Сергей Самаров - Резервация разума
Для меня такой темп был вполне нормальным и легко переносимым. Более того, я был в состоянии еще добавить скорости, пожелай того Светлаков. Только вот обгонять начальника заставы я не намеревался, хотя мог бы, теоретически, сделать без особых затрат и это – подготовка позволяла. Но я не знал, куда нам предстоит идти, и был уверен, что меня одного, если другие отстанут, там не примут.
Еще на подлете к заставе я рассмотрел вершину горы, усыпанную старыми, развалившимися скалами.

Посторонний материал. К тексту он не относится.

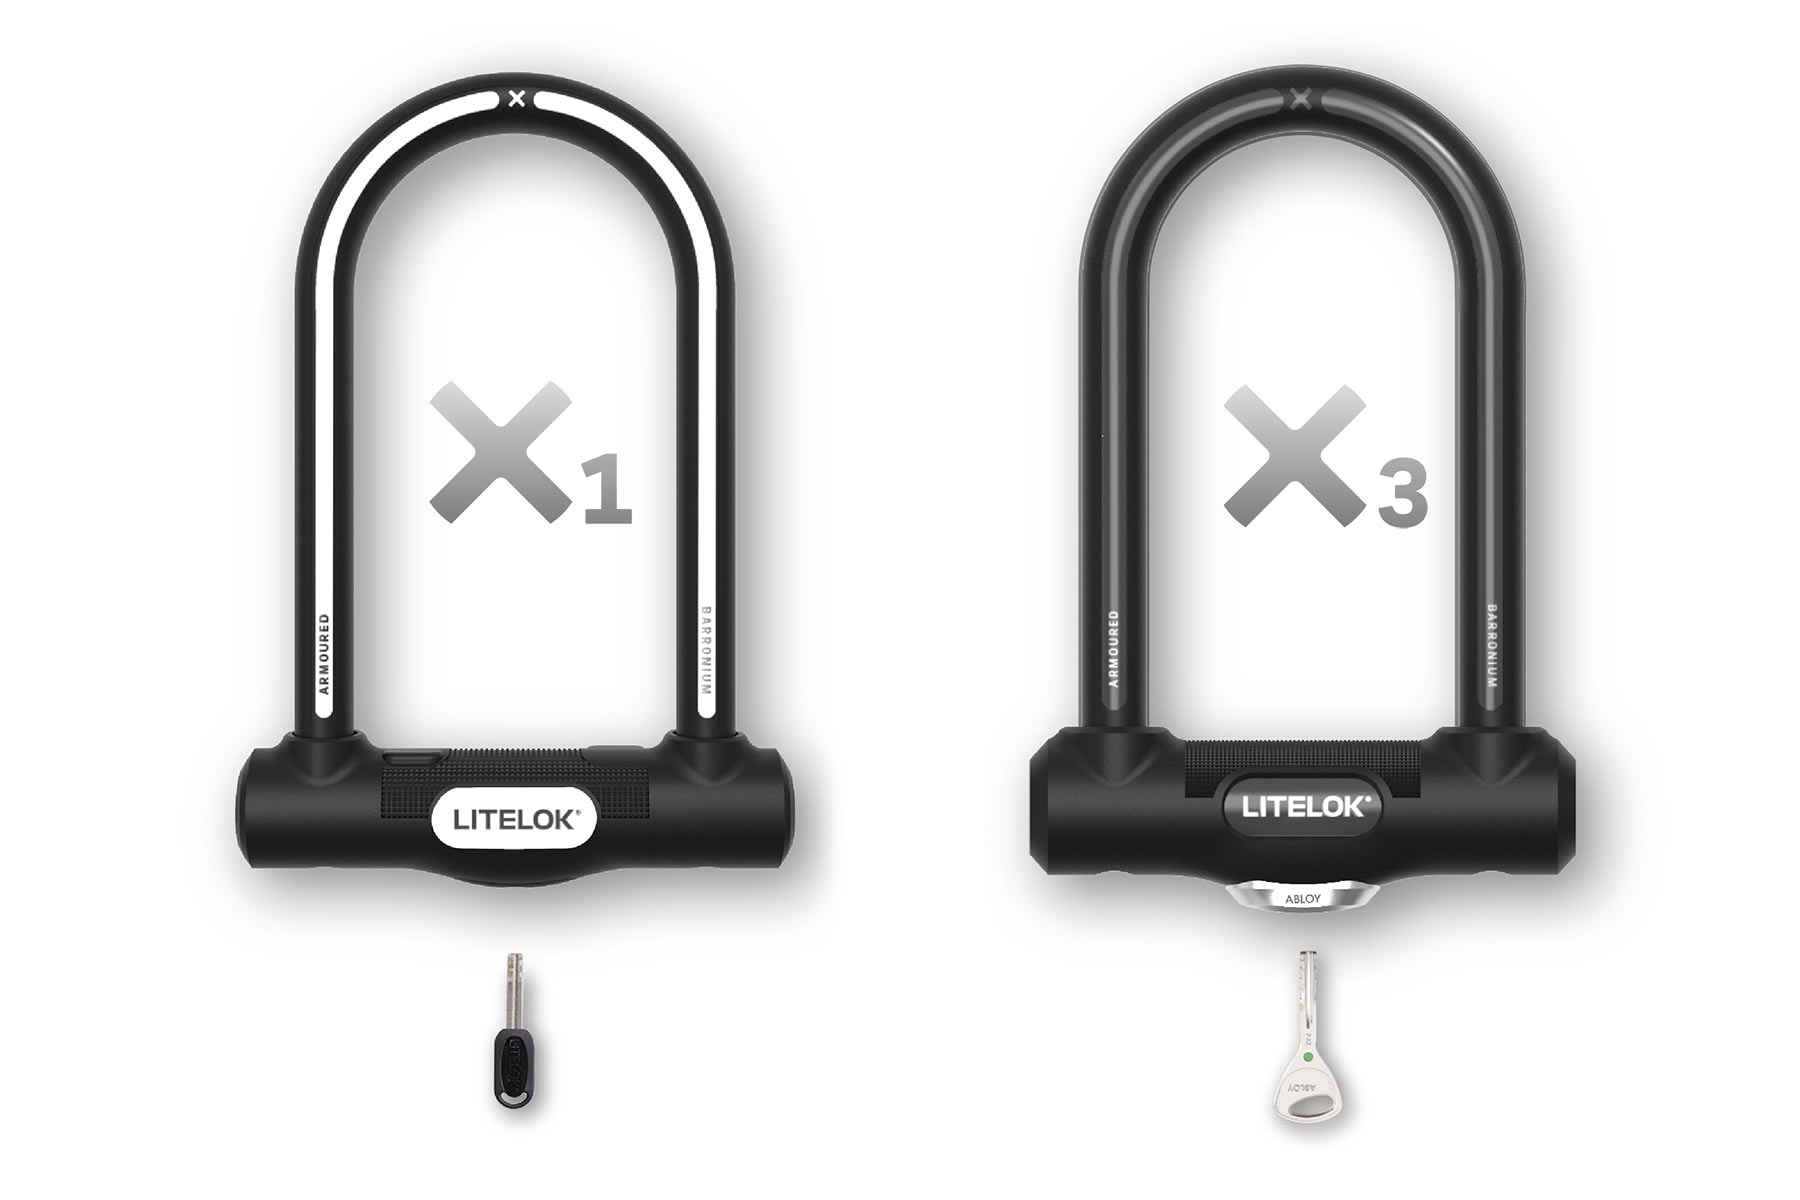 Litelok X lightweight theft-resistant Barronium bike lock, U-lock D-lock, X1 & X3 options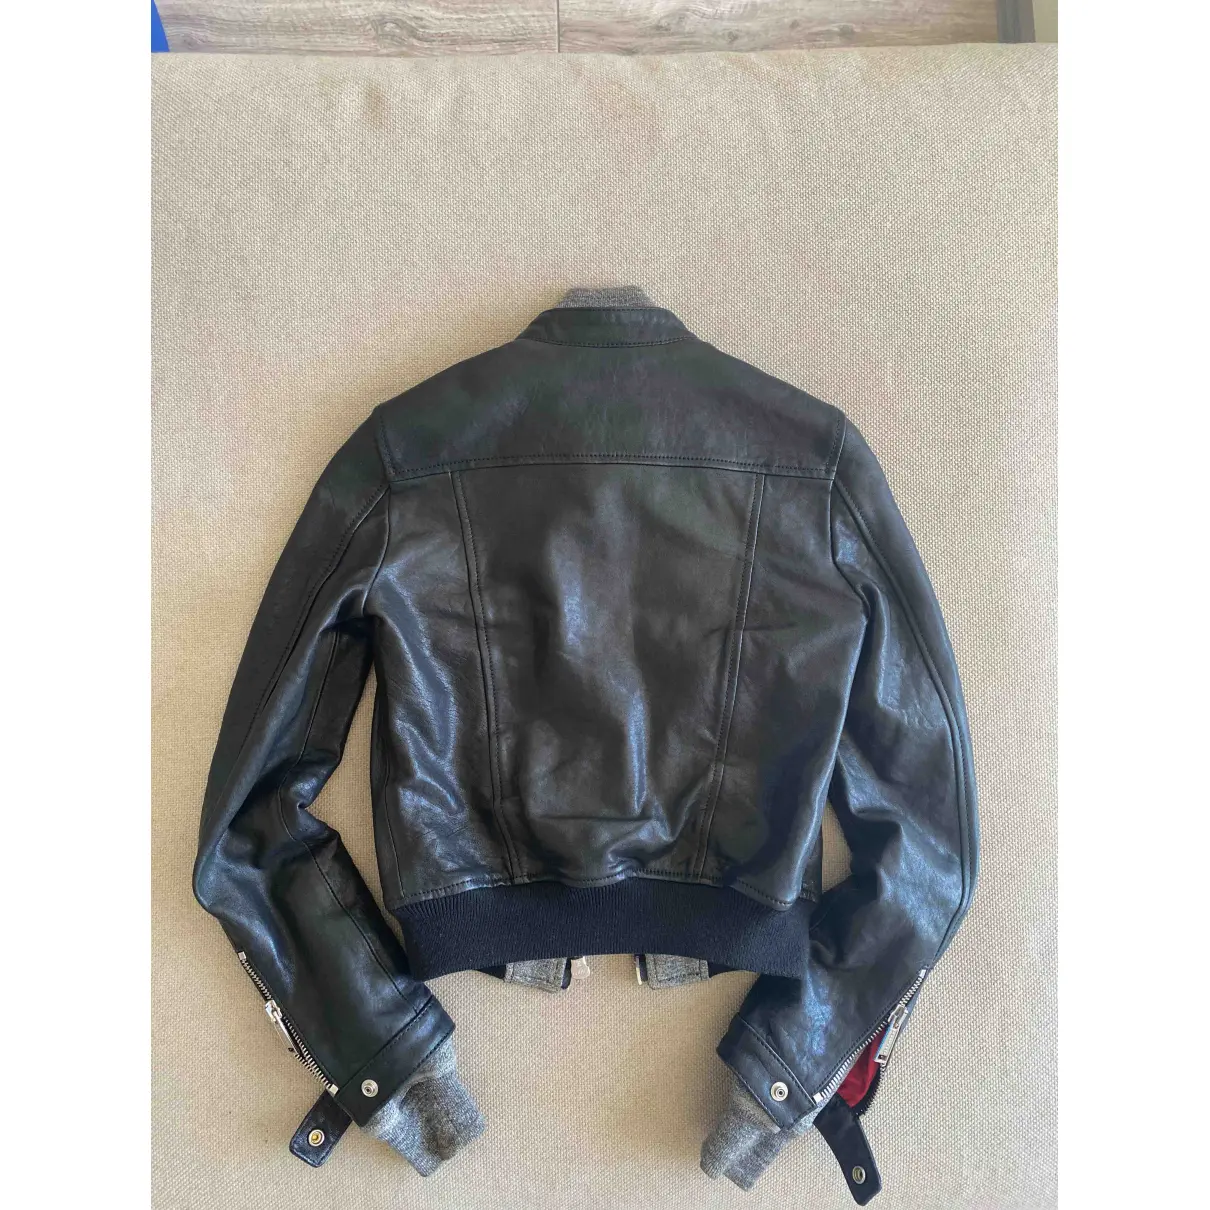 Buy Dsquared2 Leather biker jacket online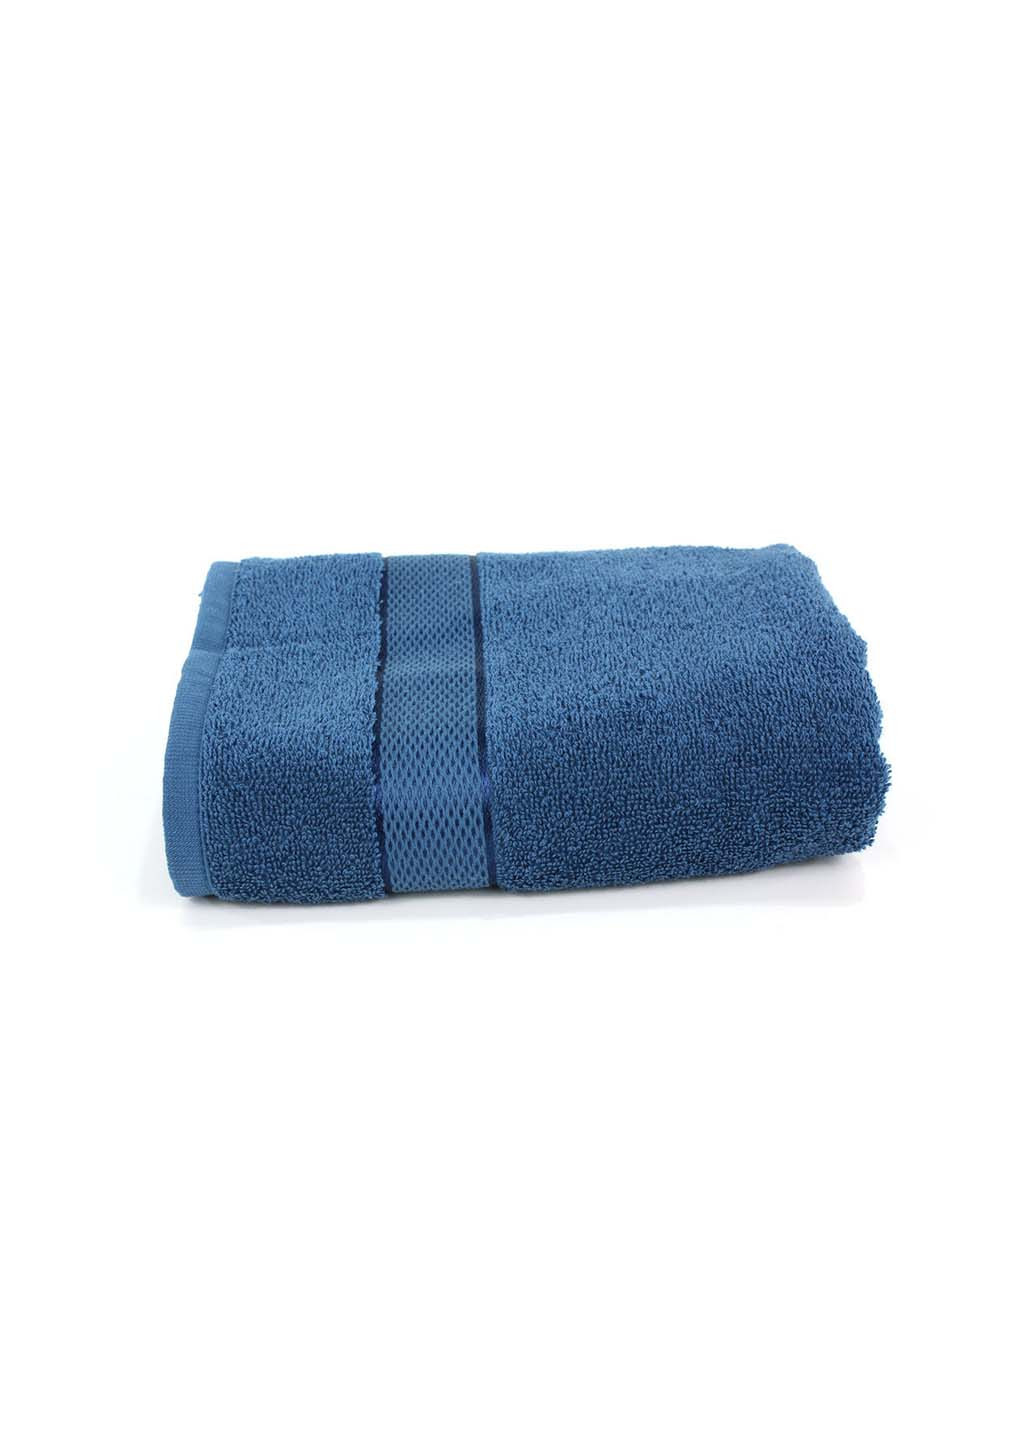 Еней-Плюс полотенце махровое бс0015 100х150 синий производство - Украина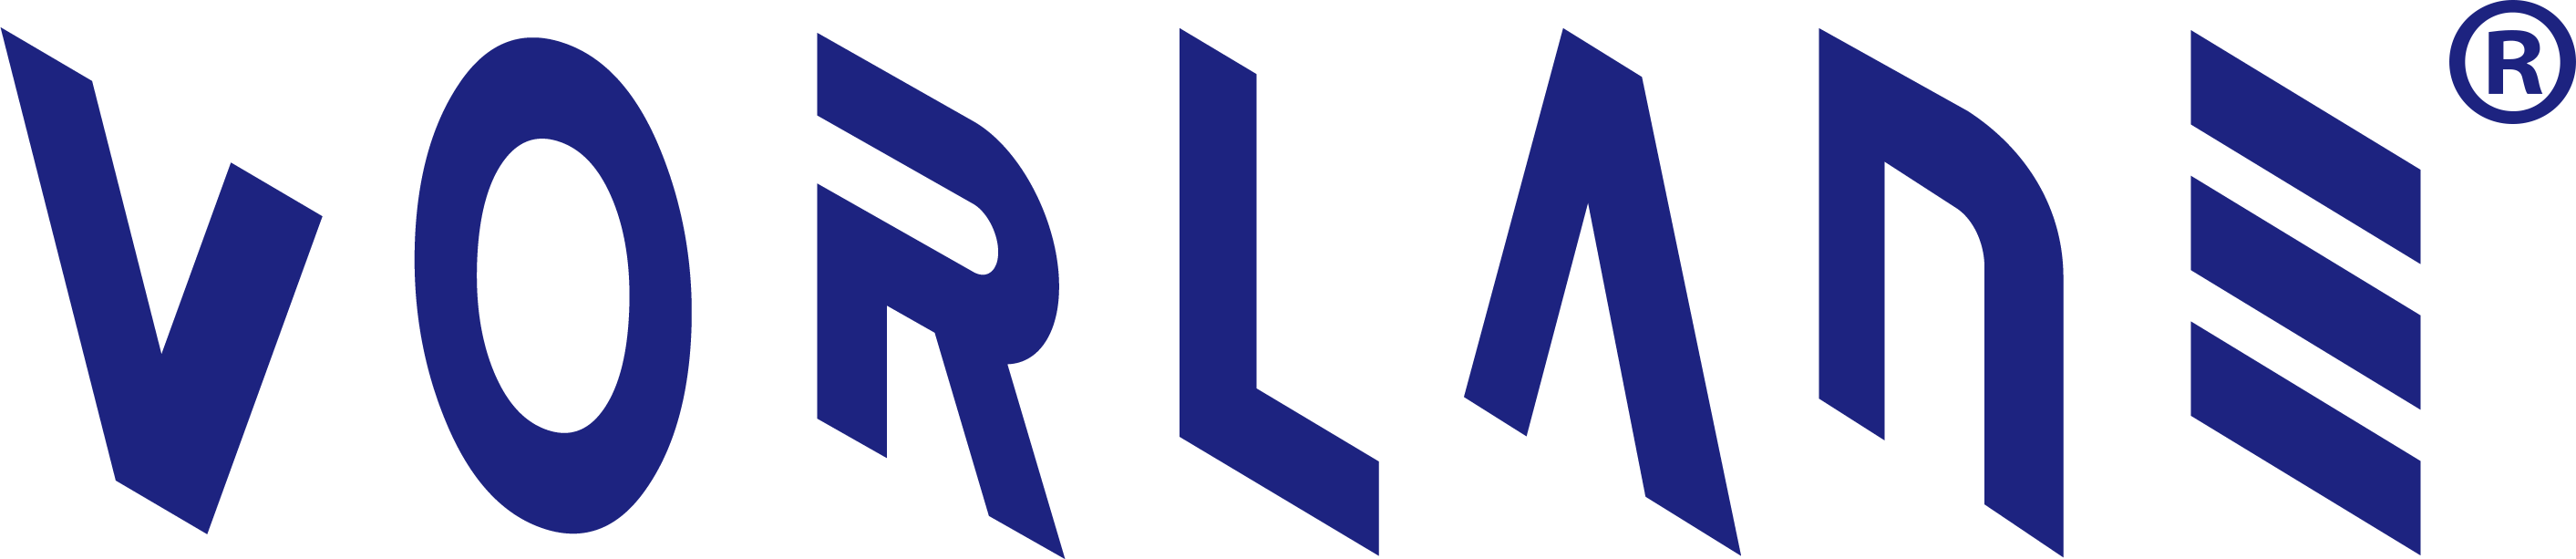 logotipo de vorlane r

Куда-то в ту сторону и вел нас капитан Светлаков. Я сразу подумал, что, если бы я был начальником заставы, то оборудовал пост наблюдения на противоположном склоне, на своей, то есть, территории, где имею право делать, что хочу, а проход туда вырыл бы между скалами. Может быть, даже в человеческий рост, чтобы проходить незамеченным в любое время дня и ночи, если, конечно, за проходом не будут наблюдать в тепловизор. Капитан, как оказалось, умел думать точно так же. Впрочем, застава стоит здесь уже не первый год. Наверное, со времен распада Советского Союза, когда образовалась граница между Россией и Грузией, и не все это время начальником заставы был капитан Светлаков. И вполне возможно, что проход к наблюдательному пункту вырыли задолго до того, как капитан заступил на свою должность.
Мы подошли к скалам, и сразу углубились в петляющий между ними проход. Светлаков вдруг резко остановился. Я подумал, что капитан пожелал дождаться сержанта, отставшего на такой короткой дистанции метров на полста, но он не обернулся, а стал смотреть вверх, и даже ладонь с собранными плотно пальцами к уху приложил. Так слушалось лучше.
– Что? – спросил я, ничего не слыша. Видимо, шлем мешал.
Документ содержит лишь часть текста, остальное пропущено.